Dr Houda Baïz : Oui, et cela s’avère souvent pertinent. Associer une solution optique — lunettes défocalisantes, lentilles souples défocalisantes ou orthokératologie — à de l’atropine faiblement dosée permet de majorer l’effet freinant, notamment chez les enfants dont la myopie évolue rapidement. Les données suggèrent un bénéfice additif, par exemple avec la combinaison atropine 0,01 % et orthokératologie.

 

TLM : Quelles mesures de mode de vie recommander à tous les enfants, myopes ou à risque ?

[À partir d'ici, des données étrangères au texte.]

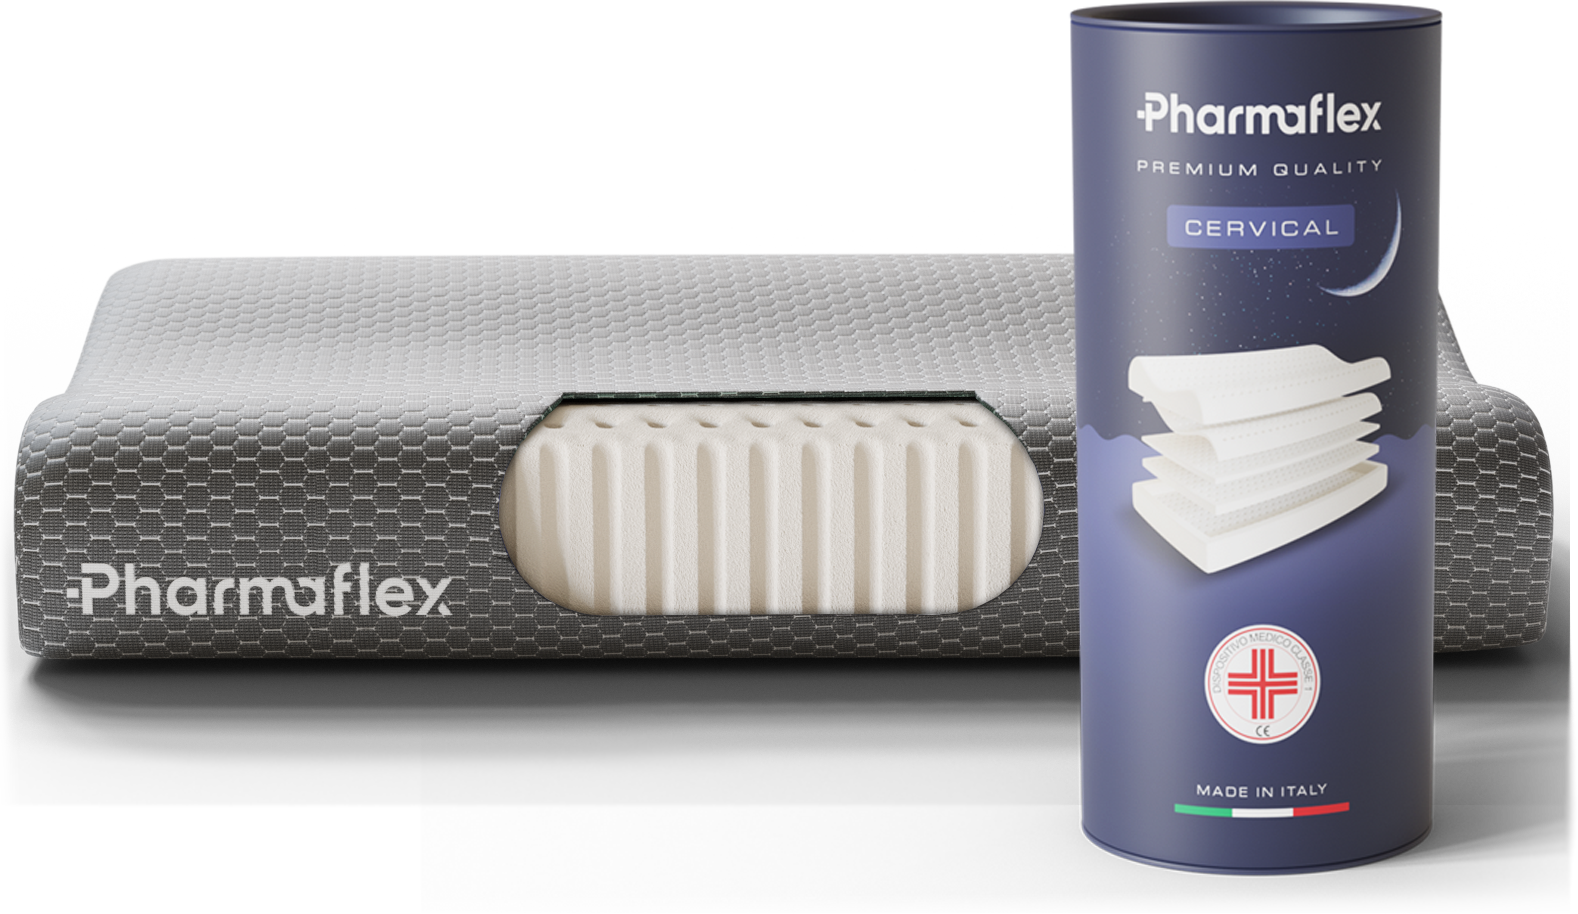 Pharmaflex Cervical, cuscino per la cervicale notturna

Dr Houda Baïz : Il est conseillé de passer au moins deux heures par jour à l’extérieur à la lumière naturelle, de faire des pauses toutes les vingt minutes lors des activités en vision de près, de maintenir une distance de lecture suffisante, d’assurer un bon éclairage et de limiter l’exposition prolongée aux écrans et aux LED en soirée. Le coucher doit être précoce pour respecter un rythme de sommeil suffisant. Ces mesures contribuent à retarder l’apparition de la myopie et à en freiner l’évolution.

 

TLM : Existe-t-il des pistes encore expérimentales ?

Dr Houda Baïz : Des protocoles utilisant une lumière rouge de faible intensité sont en cours d’évaluation. Il s’agit d’expositions quotidiennes, un peu à la manière de la luminothérapie, qui pourraient freiner la myopie. Mais à ce jour, ce n’est pas une pratique standardisée en France et il est préférable de s’appuyer sur les options validées.

 

TLM : Quels messages clés retenir ?

Dr Houda Baïz : Il est important de traiter les myopies évolutives et les enfants à risque de myopie évolutive (début précoce, ethnie asiatique, antécédents familiaux, habitudes de vie favorisant la vue de près), d’associer mesures optiques et environnementales, et d’impliquer la famille dans la prise en charge. L’objectif n’est pas seulement de corriger la vue, mais aussi de prévenir les complications oculaires à l’âge adulte.